REQUIRED ACTION: Below are some records. Return exactly the lines from the one containing "D'Angelico Guitars Excel ‘59 Black Dog" through the one containing "敦煌特设骆驼交通灯，保障景点畅通。微博", both included, and only those.

EXERCISE DATA:

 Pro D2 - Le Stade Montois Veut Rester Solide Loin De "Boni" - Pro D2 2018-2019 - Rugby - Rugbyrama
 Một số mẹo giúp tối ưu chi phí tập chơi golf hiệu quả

...

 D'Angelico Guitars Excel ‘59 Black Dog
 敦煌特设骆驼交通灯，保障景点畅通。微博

EXERCISE OUTPUT:
 D'Angelico Guitars Excel ‘59 Black Dog
 敦煌特设骆驼交通灯，保障景点畅通。微博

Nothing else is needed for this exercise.